Onderzoek laat zien dat patiënten met kanker behoefte hebben aan ondersteunende c.q. palliatieve zorg, maar dat deze zorg vaak onvoldoende wordt geleverd [Beernaert 2013, Gardiner 2010, Gore 2000, Joshi 2012]. In de literatuur wordt ook het belang van naastenbegeleiding benadrukt [Gardiner 2010].
Er is geen specifieke literatuur gevonden over ondersteunende zorg bij patiënten met kanker en pijn.

Er zijn aanwijzingen dat patiënten met pijn bij kanker onvoldoende ondersteuning door professionele zorgverleners ervaren.
[Beernaert 2013, Gardiner 2010, Gore 2000, Joshi 2012]
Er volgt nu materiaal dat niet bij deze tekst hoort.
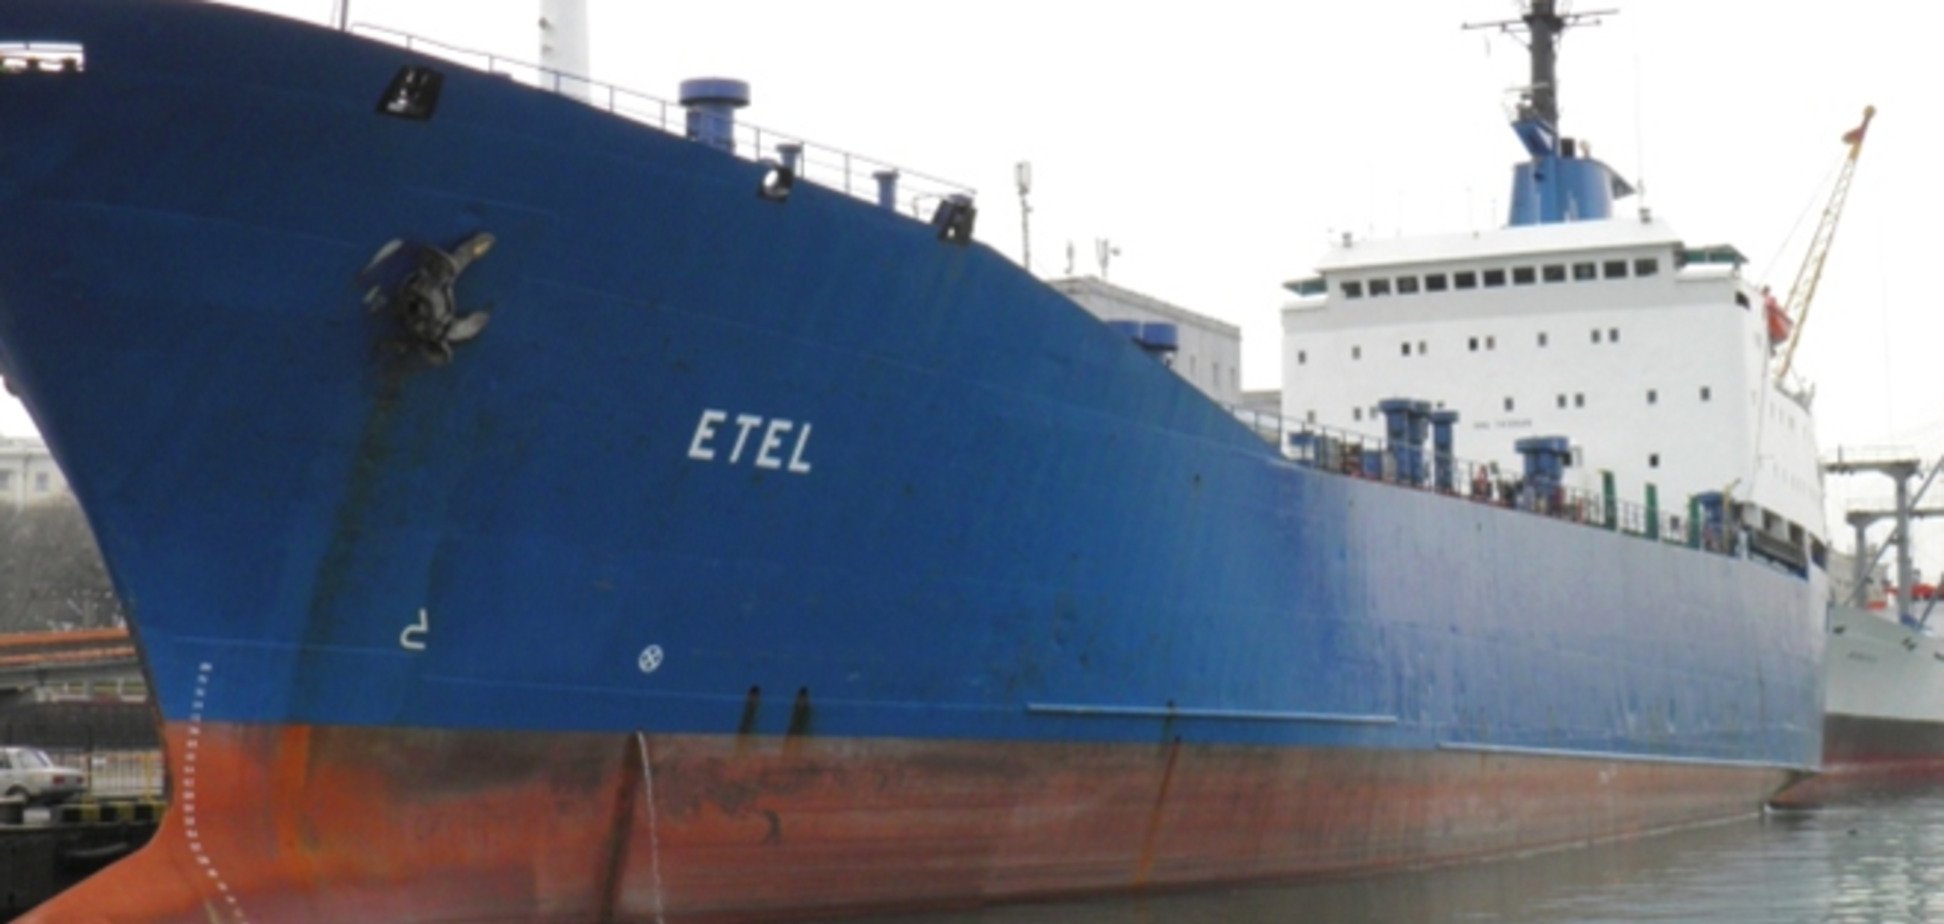 За судно Etel с украинским экипажем захватчики требуют $12 млн
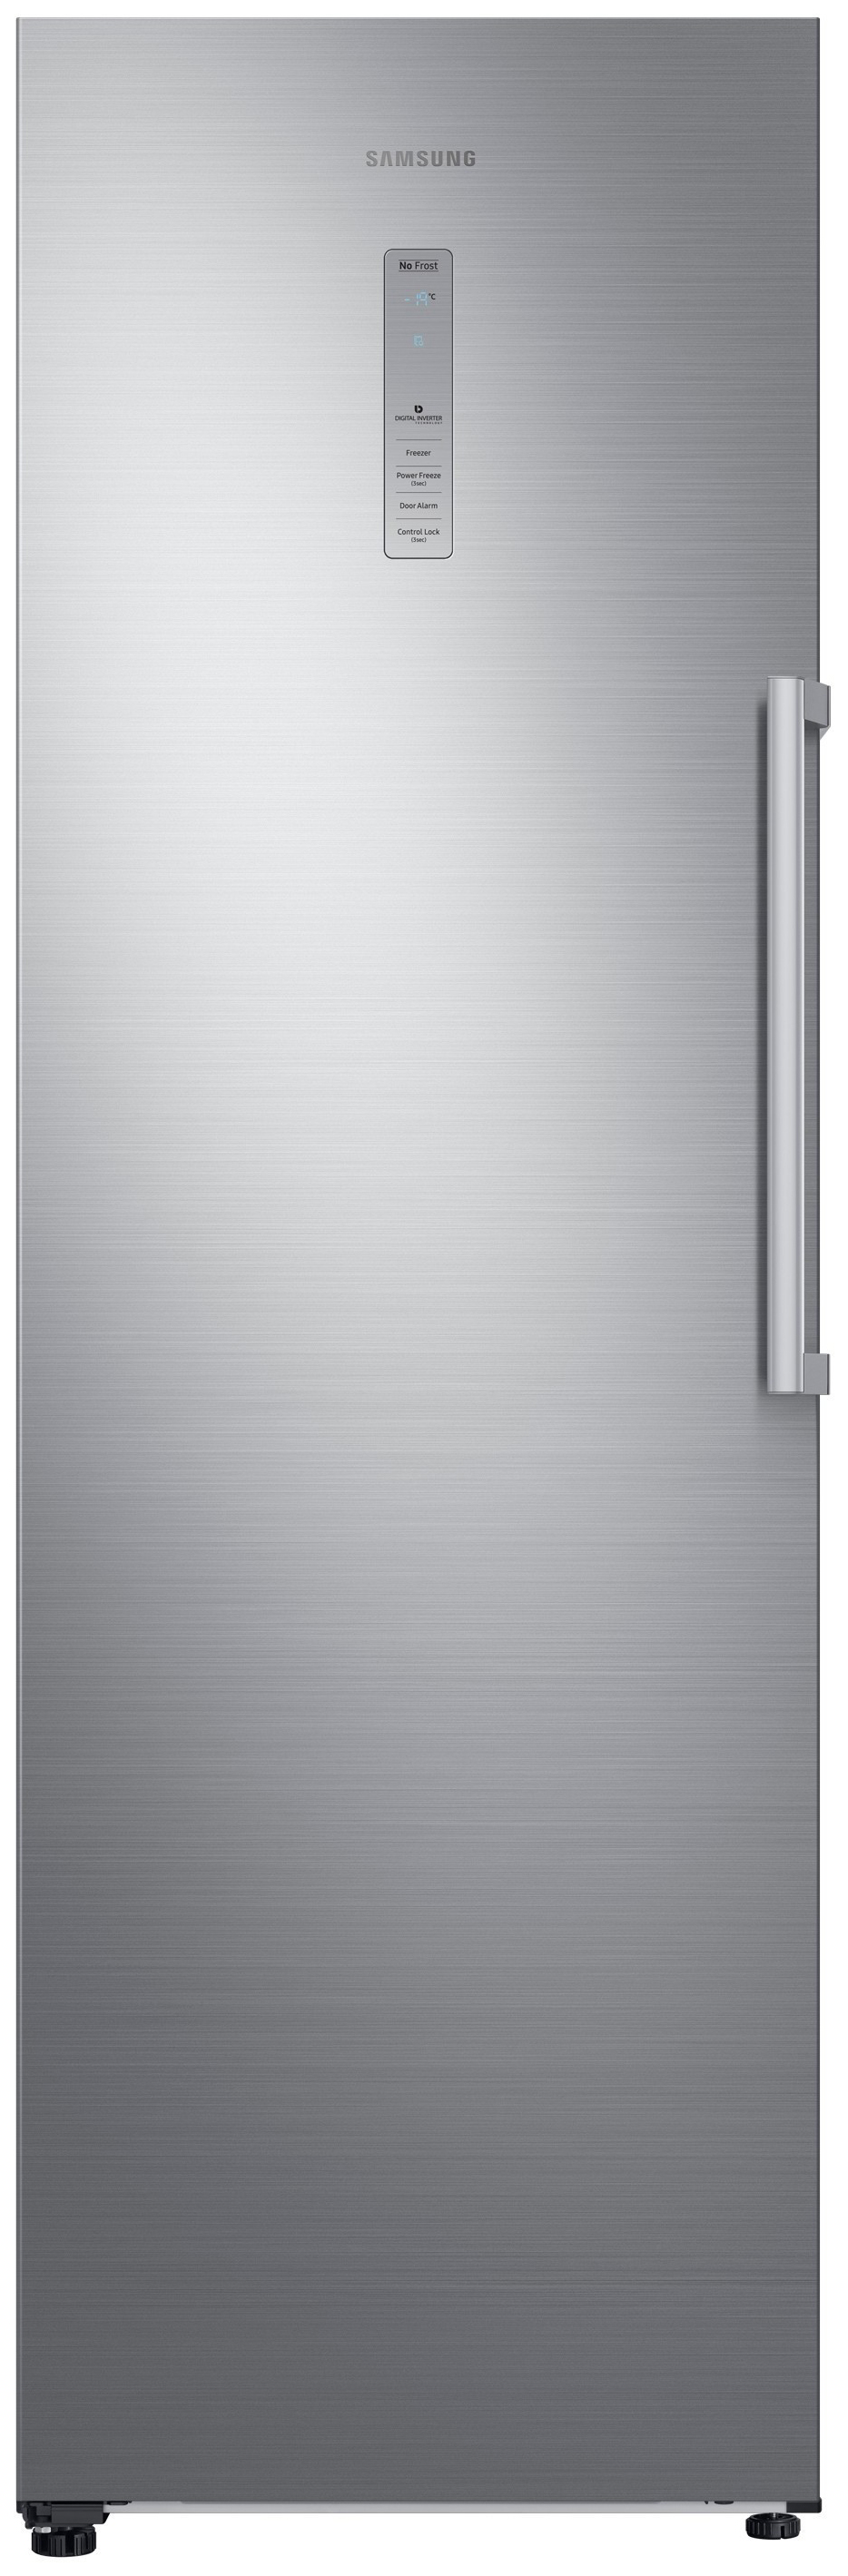 Холодильник Samsung RR 39 M 7140SAWT серебристый холодильник samsung rb30a30n0sa wt

Lotgenotencontact kan voor een deel van de patiënten met pijn een belangrijke rol spelen door de herkenning en erkenning van gevoelens en ervaringen. Patiënten met kanker kunnen bij de Nederlandse Federatie van Kankerpatienten organisaties (https://nfk.nl/) terecht. Ter ondersteuning van de patiënt kan een scala aan zorgverleners worden ingeschakeld: anesthesioloog/pijnbestrijder c.q. pijnteam, gespecialiseerd verpleegkundigen of verpleegkundig specialisten, fysiotherapeuten, ergotherapeuten, apothekers, maatschappelijk werkende, psychologen, geestelijk verzorgers en/of vrijwilligers. In het hoofdstuk Niet-medicamenteuze behandeling wordt besproken welke interventies in welke situatie zinvol zijn. Die informatie, in combinatie met de wensen van de patiënt en naasten en de lokale mogelijkheden, bepaalt welke ondersteunende zorg wordt ingeschakeld.
Ondersteuning van de mantelzorg is ook van groot belang [IKNL/Palliactief 2017, zie ook richtlijn Mantelzorg).

Het Kwaliteitskader palliatieve zorg Nederland [IKNL/Palliactief 2017] hanteert de volgende standaard t.a.v. interdisciplinaire zorg:

  • De multidimensionele benadering van de patiënt en zijn zorgvragen in de palliatieve fase vraagt om kennis en betrokkenheid van meerdere disciplines die in een interdisciplinair werkend team verenigd zijn. Dit team wordt gevormd door zorgverleners en vrijwilligers in nauwe samenwerking met de patiënt en diens naasten.

Zo nodig kan de patiënt worden verwezen naar een pijnteam of kan advies gevraagd worden bij een palliatief team (via IKNL of eigen ziekenhuis).